A seca, 1959. Foto de Haruo Ohara/ Acervo Instituto Moreira Salles
Coisa singular, a tal da crônica, esse patinho feio da literatura. Ao contrário do que se passa com o romance, com a novela, com o conto, ela quase nunca resulta de um longo processo de elaboração. Nem poderia. É algo que precisa ser escrito, haja ou não assunto, e escrito para já, sob a pressão dos prazos de fechamento do jornal ou da revista. Embora em certos casos não fosse má ideia, não vale entregar à redação duas ou três laudas em branco. Dane-se a falta de condições ideais, dos largos períodos de maturação de que dispõe um ficcionista. Aquilo tem que sair, haja o que houver.
Pense nisso quando estiver lendo qualquer das pérolas, e são milhares, recolhidas neste Portal da Crônica Brasileira. Difícil imaginar que no mais das vezes tenham sido escritas no sufoco. Quase podemos ver Rubem Braga, por exemplo, o autodenominado Velho Braga, o maior de todos, bufando à máquina de escrever, enquanto ali ao lado se impacienta o moço que a redação encarregou de recolher em domicílio aquele palmo de prosa para a qual, não menos urgente, há um espaço aberto na edição de amanhã.
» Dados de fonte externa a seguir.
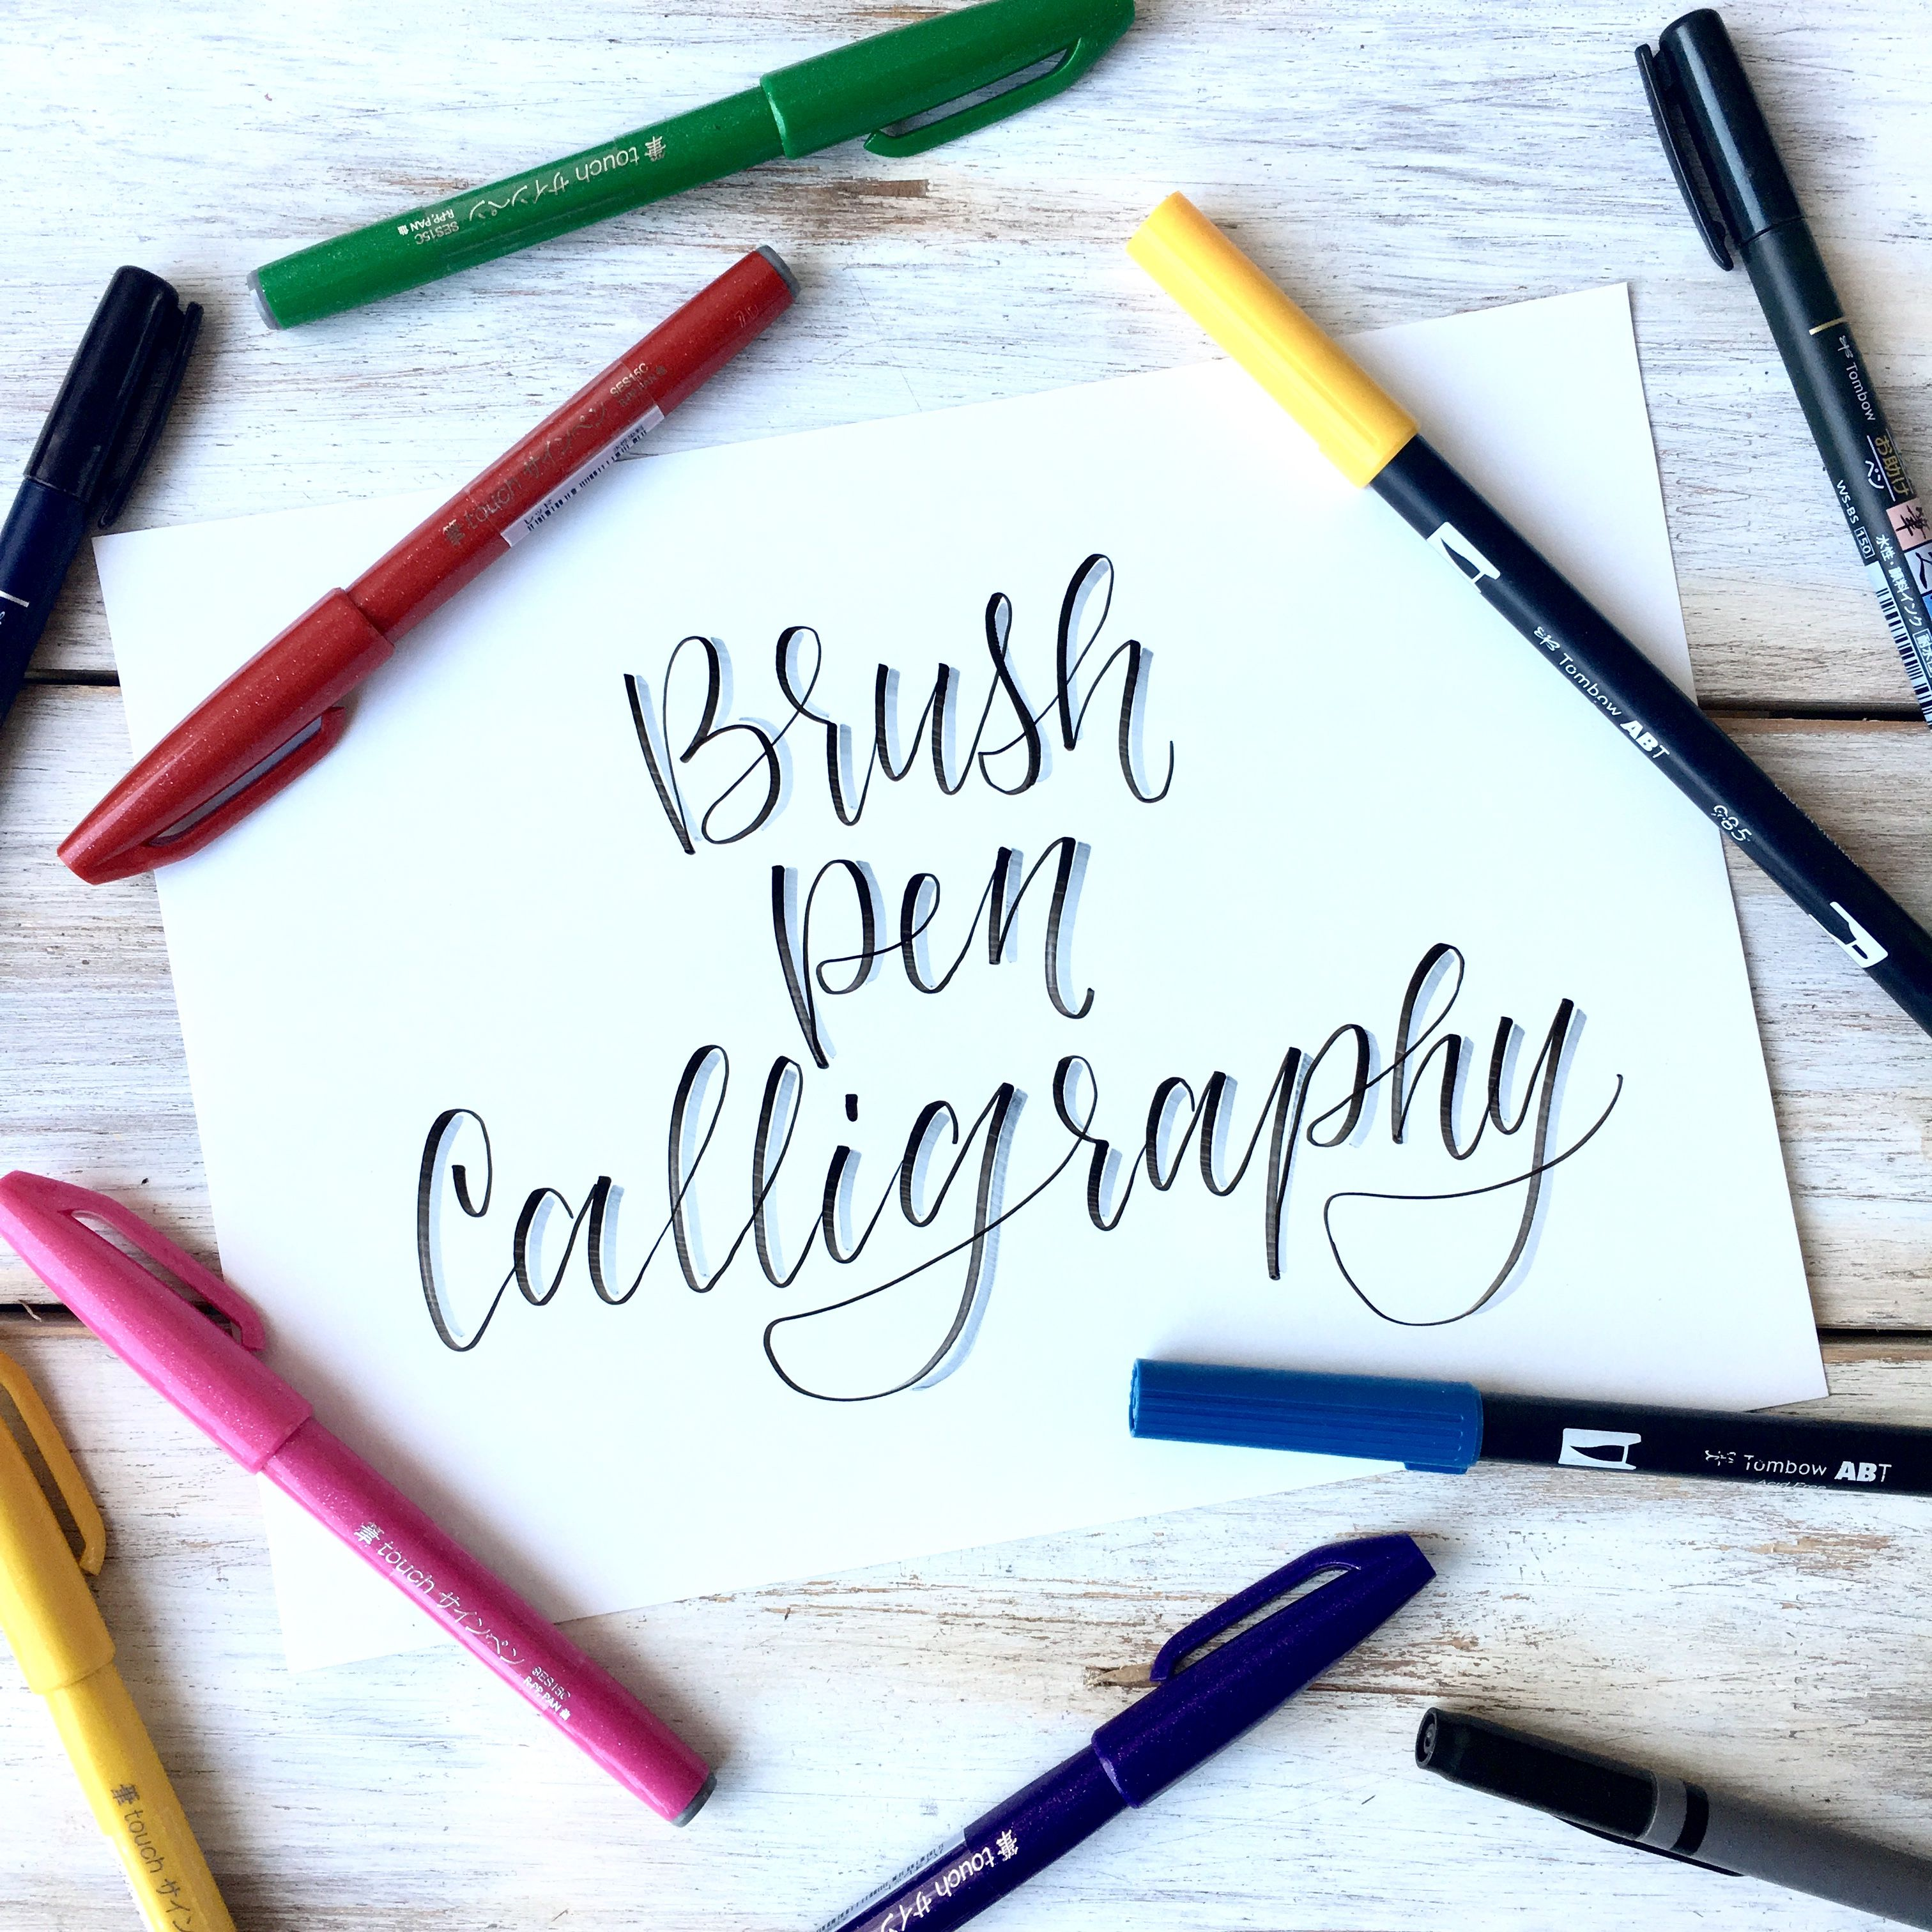 Brush Pen Calligraphy Basics Plus Free Printable Practice Sheets Scribbling Grace Calligraphy For Beginners Brush Pen Calligraphy Brush Pen Lettering [ 3024 x 3024 Pixel ]

No dia seguinte, sem os rabiscos, sem as emendas apressadas que o autor teve ainda tempo de fazer no seu original, antes de passá-la às mãos do estafeta, lá estará a crônica, não raro espremida entre anúncios ou noticiário cuja data de validade haverá de caducar em poucas horas. Perdida nessa vizinhança prosaica e efêmera, lá estará o que foi escrito às pressas, de olho no relógio, e que ainda assim, por se tratar de arte, atravessará os tempos, sem uma ruga, capaz de seguir falando a leitores que ainda nem sequer nasceram.